The remote may be short and stumpy, but it’s easy to use thanks to the intelligent button layout and clear labelling. The often-used menu and volume controls fall conveniently under the thumb, and the sound presets are helpfully gathered together in their own little enclave towards the top. There are even dedicated subwoofer volume controls, which makes it easy to adjust on the fly.
If you’d rather use your Android or iOS device to operate the HT-CT770, no problem – download Sony’s SongPal Bluetooth app and you can control basic functions, including ClearAudio and subwoofer volume.
So far, so good, but when it comes to sound quality the HT-CT770 isn’t quite the knockout performer we hoped it would be. To the casual ear it sounds terrific, and certainly fulfils the usual soundbar brief of delivering a louder, bigger and punchier sound than any flatscreen TV, but some aspects of its performance left us feeling dissatisfied.
Let’s start with the good stuff, though. We fed the RoboCop reboot into the HDMI port from our Blu-ray player and the Sony injects the energetic action scenes with dynamism and excitement. As suicide bombers launch an attack on the ED-209s in Tehran, the explosions and gunshots have a crisp leading edge, while rumbling bass underpins every blast.
The soundbar’s bright tone makes these effects sound loud and authoritative, plus the presence of separate tweeters means there’s also a decent amount of detail in the mix, such as smashing glass and mechanical clicks as ED-209s move around – although we think it could tease out more. Dialogue is easy to discern even in the midst of a frenetic shoot-out.
Where the Sony falls down, however, is the lack of cohesion between the soundbar and subwoofer. You get the rumbling bass and bright treble, but not enough in between, which results in action scenes sounding thin and unbalanced. When Basil Poledouris’ iconic theme plays over the title, it sounds too thin and reedy to rouse your emotions.
This also draws attention to the hard treble, which does bring a sense of excitement but becomes overbearing without the midrange solidity to back it up. It’s particularly noticeable during Murphy’s training exercise at Omnicorp’s test facility, when the loud gunshots and clattering metal sound raspy and brash. Earlier in the film, loud military jet engines push the speakers to their limits.

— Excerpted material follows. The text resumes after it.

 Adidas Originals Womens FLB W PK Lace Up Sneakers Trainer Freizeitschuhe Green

Another issue concerns the subwoofer, which provides the necessary depth but lacks control, lingering for far too long whenever there’s a gunshot or explosion. As a result, the soundstage ends up sounding muddy and the bass is detached from the soundbar. You can play around with the sub volume, but it’s hard to achieve the right balance.
We experimented with the sound modes and rather boringly we decided that ‘Standard’ offers the best balance for movies. The Voice modes emphasise speech well, but the highest setting makes other high-frequency effects sound unbearable at loud volumes. S-Force Pro Front Surround delivers a wide and spacious soundfield but there isn’t a trace of surround sound.

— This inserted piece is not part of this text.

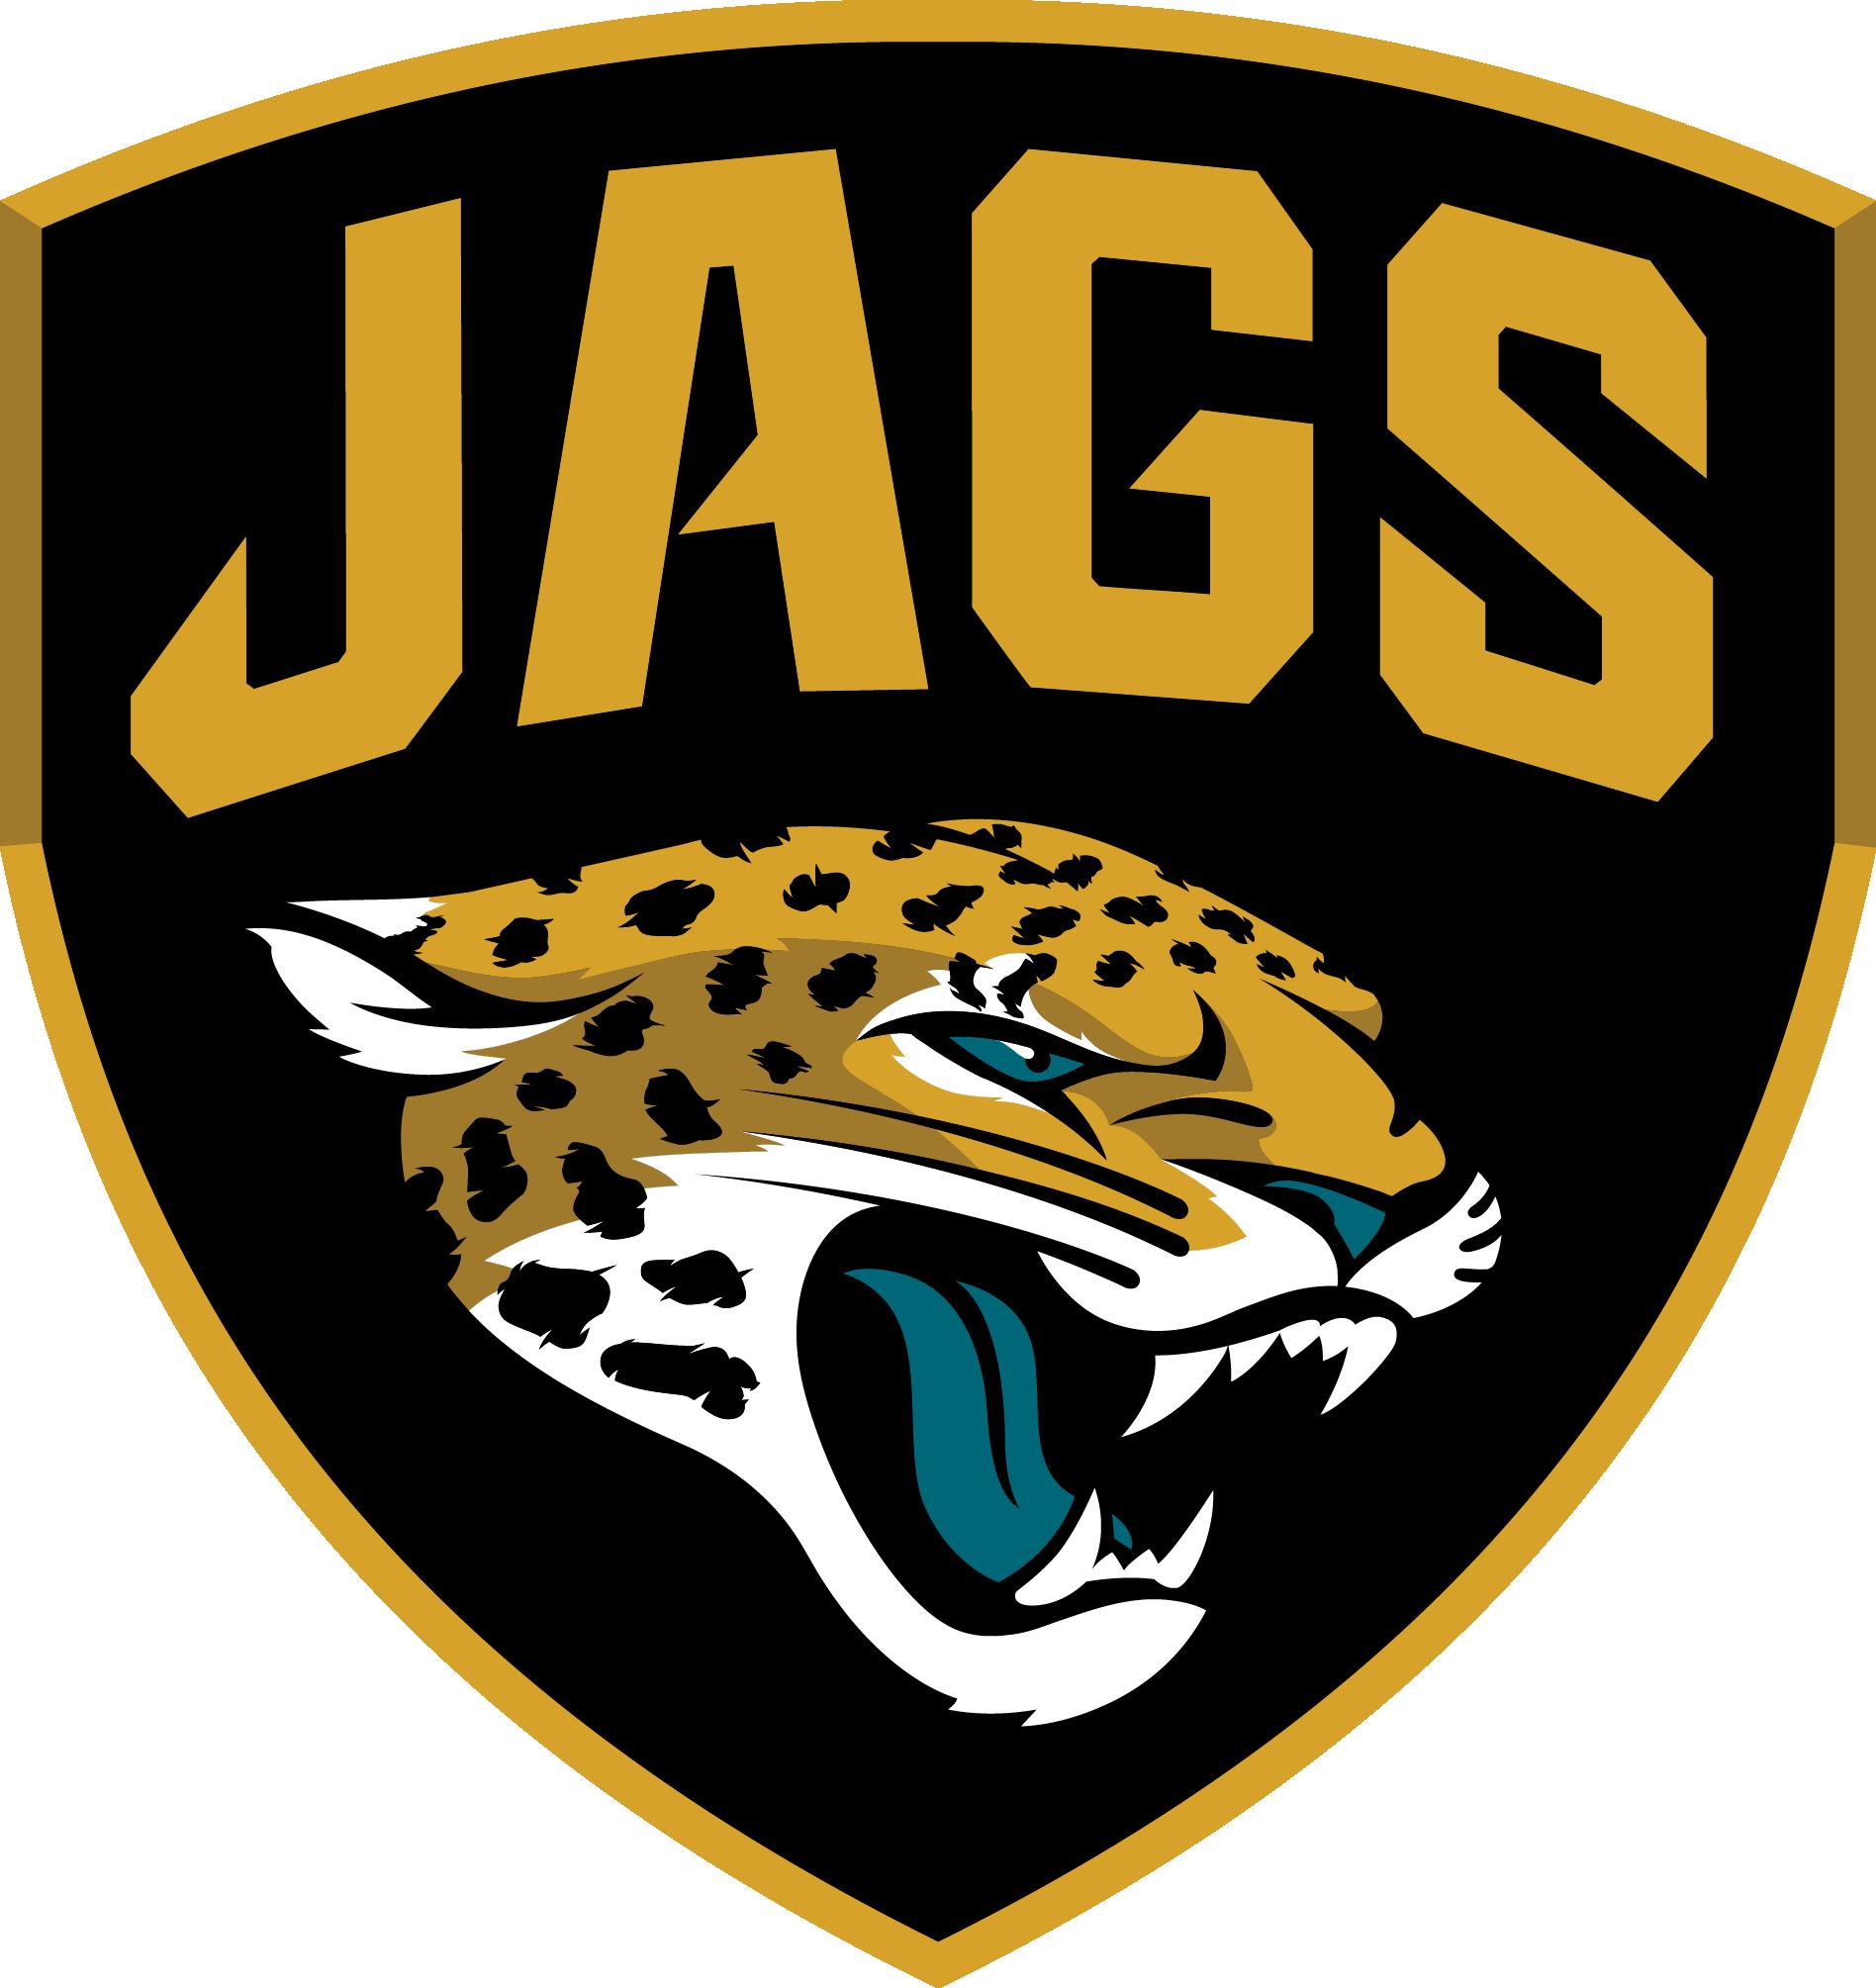 jacksonville jaguars Google Search Jacksonville

Unsurprisingly, the above flaws mean the HT-CT770 isn’t the most musically accomplished soundbar we’ve heard – kick drums and basslines sound loose, vocals sound thin and the finer details get lost in the mix. But with our most critical hat off, it’s fine for day-to-day listening.
The HT-CT770 certainly has a lot going for it. It’s stuffed to the hilt with features, offers more sockets than your average soundbar and its discreet, low-profile design is a godsend for anyone who hates clutter.
But play a film and you'll find the sound quality is underwhelming, due to the lack of cohesion, ill-disciplined bass and hard treble. What makes it all the more disappointing is that rival soundbars and bases such as the Canton DM50 and Q Acoustics Media 4 deliver vastly superior sonic performance for the same money – although admittedly they don’t offer the Sony’s extensive feature list or unobtrusive design.
On paper the HT-CT770 is a competition-killing soundbar with a superb range of features, plentiful connections and an alluring design, but its performance doesn’t quite live up to the promise.